Palmarès du maternité de Montréal

Laurent
2008-04-08 12:46:30
mardi 08 avril 2008

Palmarès des maternités: les établissements exceptionnnels
Ariane Lacoursière
La Presse

Hôpital général de LaSalle (5/5)

Tous les médecins, infirmières, mères et accompagnatrices rencontrés dans le cadre de ce dossier n’ont eu que des bons mots pour l’Hôpital de LaSalle. «Si on en avait un seul à recommander, ce serait lui», dit Sylvie Thibault, de Mère et Monde.

Selon l’accompagnatrice Dominique Pesant, l’Hôpital de LaSalle sort du lot. «Tout y est beau, relaxant et bien pensé. La femme est aussi respectée dans ses choix. Elle n’a pas à se battre», dit-elle.
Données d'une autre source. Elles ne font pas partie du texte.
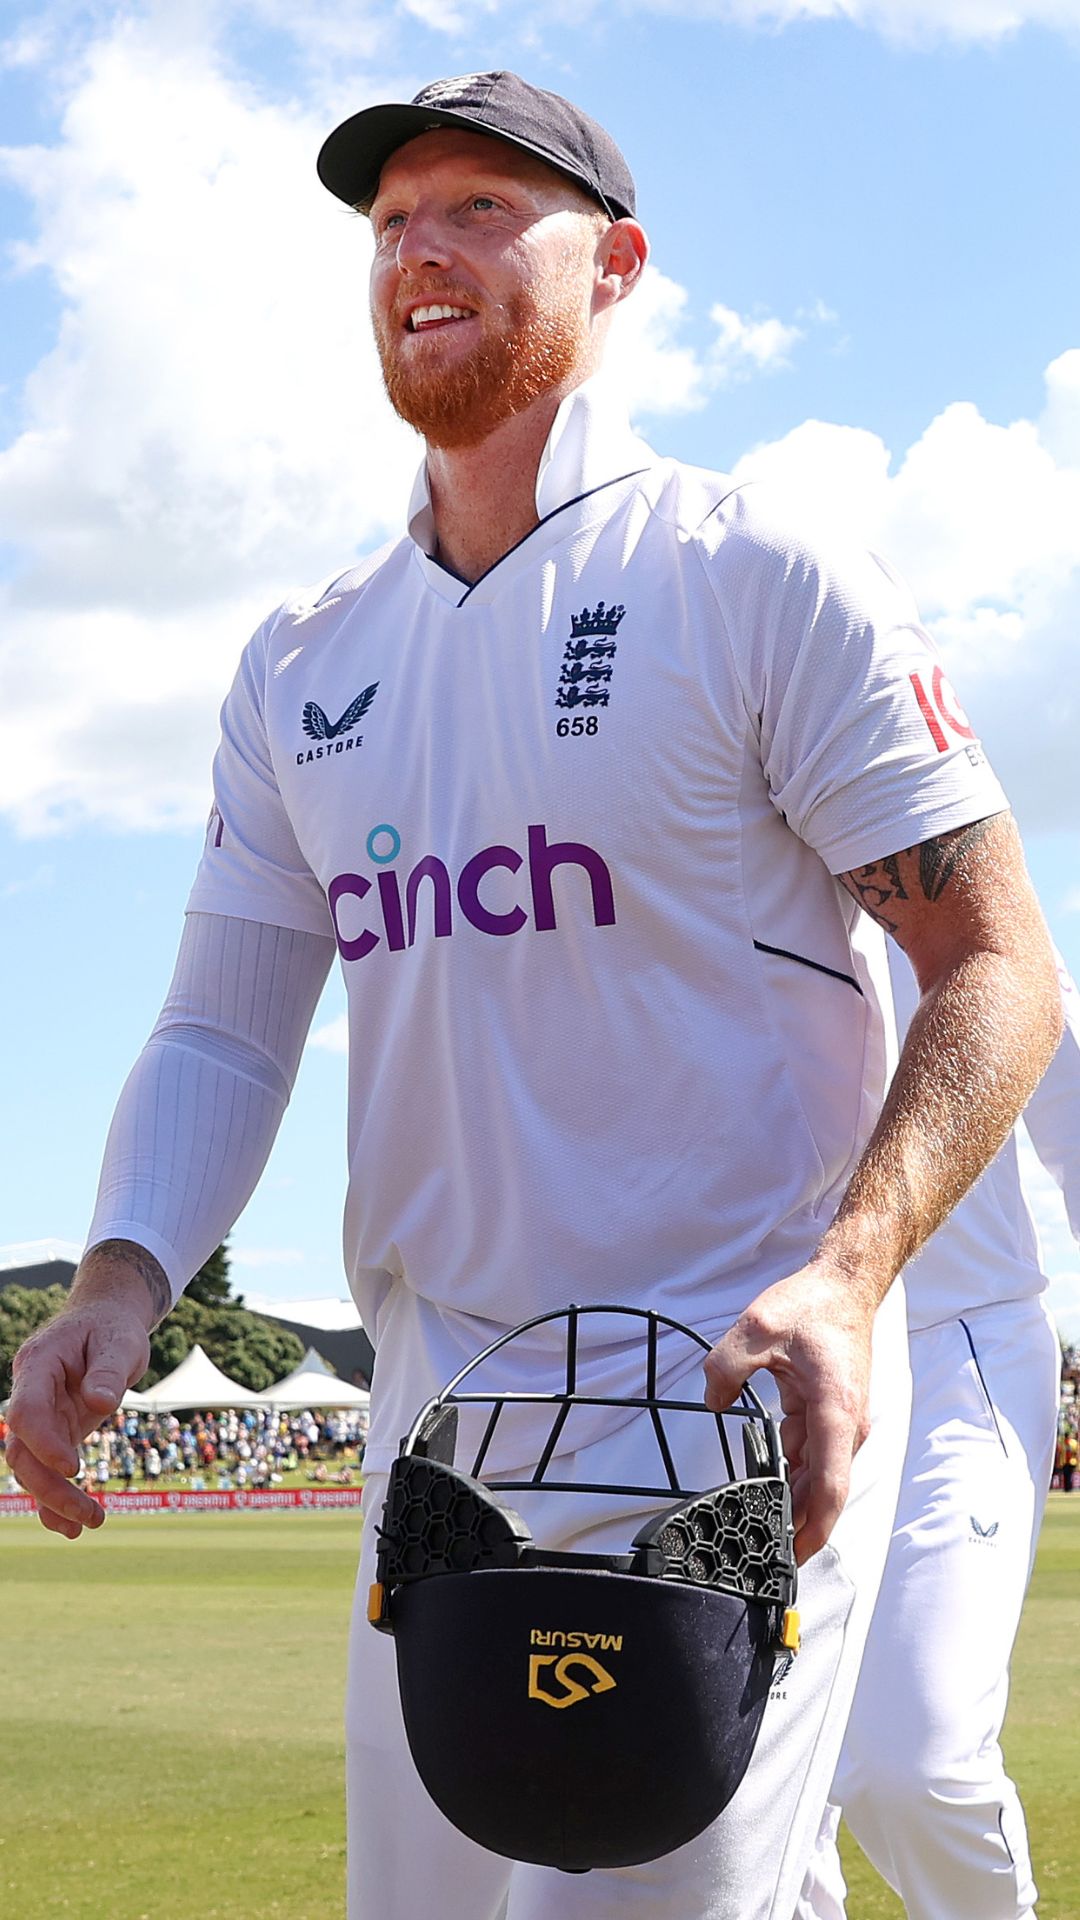 Top 5 innings, stats, and records by Ben Stokes as England Test captain turns 32

>>> Le tableau des maternités exceptionnelles : http://www.cyberpresse.ca/assets/pdf/CP155147.PDF

Dès leur arrivée à l’hôpital, les futures mères sont dirigées dans leur chambre d’accouchement qui leur sert ensuite de chambre de séjour. Ces 34 chambres sont toutes climatisées et munies d’un bain thérapeutique.

«Nous sommes aussi le seul hôpital à Montréal qui permet aux femmes de manger durant le travail», ajoute la Dre Julie Choquet, une omnipraticienne qui accouche des femmes à l’hôpital de LaSalle. Un plateau de nourriture peut être apporté dans la salle d’accouchement. Cet élément est très apprécié des mères, selon l’infirmière-chef de l’établissement, Colette Tougas-Poirier.

Si jamais le bébé doit poursuivre son hospitalisation, mais que la mère a reçu son congé, des chambres de courtoisie sont mises à la disposition des parents. Ces chambres sont spacieuses et toutes dotées d’un lit double.

Anna-Laberge (5/5)

Quand les patientes arrivent à l’hôpital Anna-Laberge de Châteauguay, elles sont tout de suite dirigées vers l’une des 20 chambres de naissance qui leur servent ensuite de chambres de séjour. Ces pièces aux murs roses sont spacieuses et ont de très grandes fenêtres. Cinq d’entre elles ont un lit double. Après l’accouchement, le père peut donc dormir avec la mère. Et toutes les pièces ont une salle de bain complète.

Durant le travail, les mères peuvent relaxer dans un bain thérapeutique. L’été, elles peuvent aller marcher à l’extérieur où se balancer dans la cour. De tous les hôpitaux visités, Anna-Laberge est le seul à offrir cette possibilité. «Dans cet hôpital, le respect envers la mère, l’intimité offerte aux femmes et l’atmosphère relaxante sont palpables», note Sylvie Thibault. L’hôpital est également certifié «ami des bébés».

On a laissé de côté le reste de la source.